Can you read an eclipse map? Learn how with eclipse cartographer Michael Zeiler
To chase eclipses, you first have to master eclipse maps. So who better to ask than eclipse cartographer Michael Zeiler (www.greatamericaneclipse.com & www.eclipse-maps.com), who offers this excellent map of Sunday’s event.
It makes it easy to see exactly what an observer in any one location will see, with the % obscuration given for any one location in daylight.
However, there are some zones where it’s difficult to tell what exactly would be visible.
Here at the edges of the eclipse path, things can get complicated. So WhenIsTheNextEclipse.com asked Michael to explain what an observer would see from a few problematic zones.

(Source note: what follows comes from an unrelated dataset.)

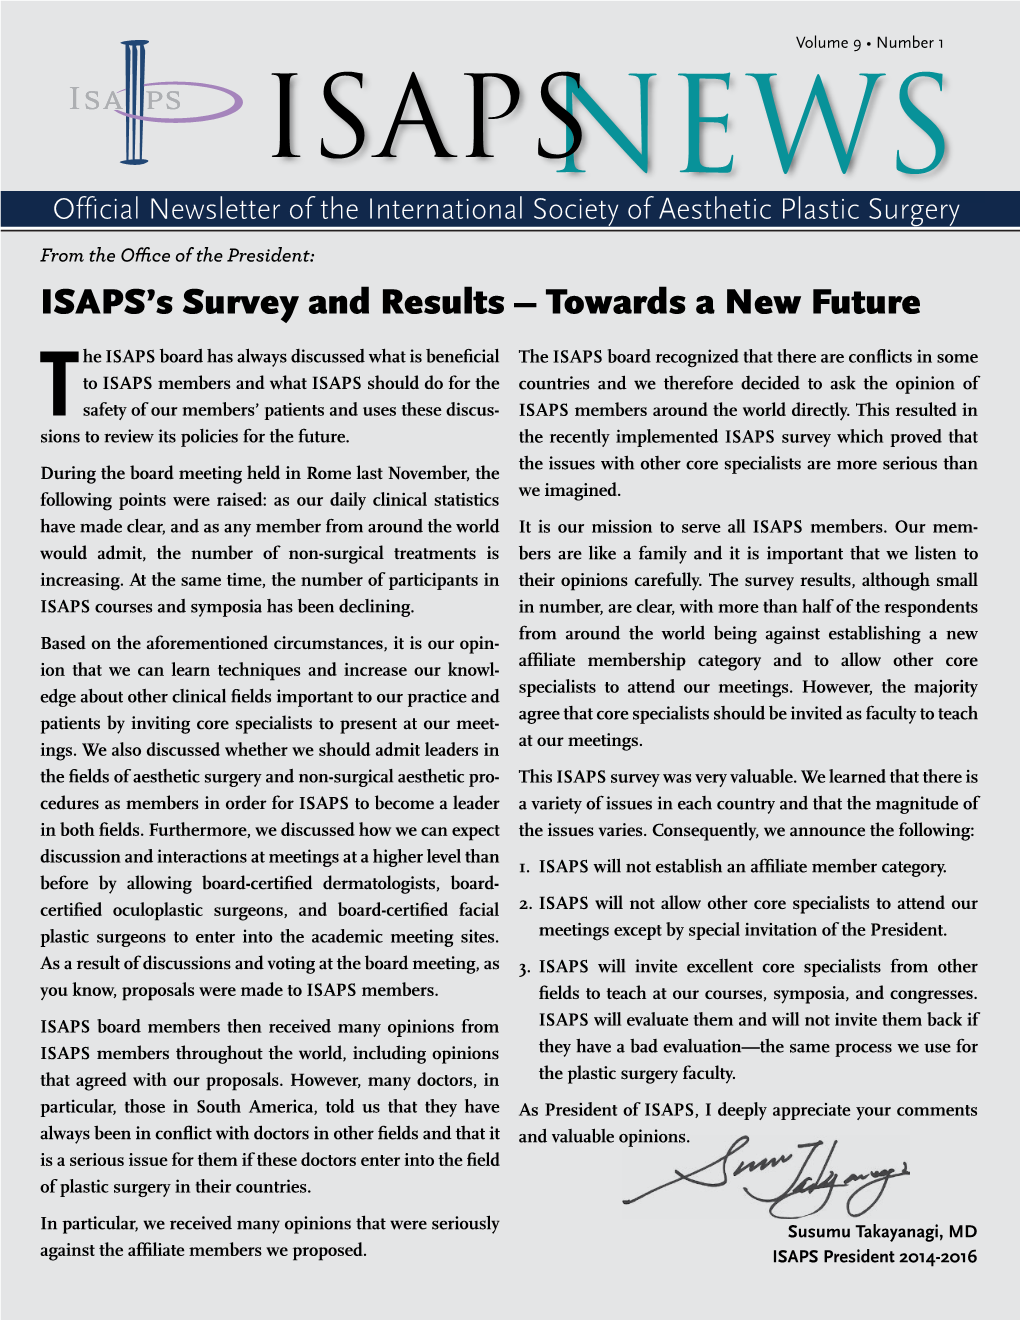 ISAPS's Survey and Results

Zone 1: “Here, the sun barely rises above the horizon and days are very short,” says Michael. “The eclipse is in progress at sunrise, and sunset arrives before the end of the eclipse. So the entire (short) day is in partial eclipse.”
Zone 2: “At this point of intersection, you will see the eclipsed sun for an instant at sunrise, then it will be over.”
Zone 3: “The partial eclipse will be nearly over at sunrise and visible for a few minutes.”
Zone 4: “Near sunset, the partial eclipse begins but will be visible for only a few minutes before sunset.”
Zone 5 & 6: “Normal daytime is seen here, but the partial eclipse will not be visible. The penumbra misses the sun at this point.”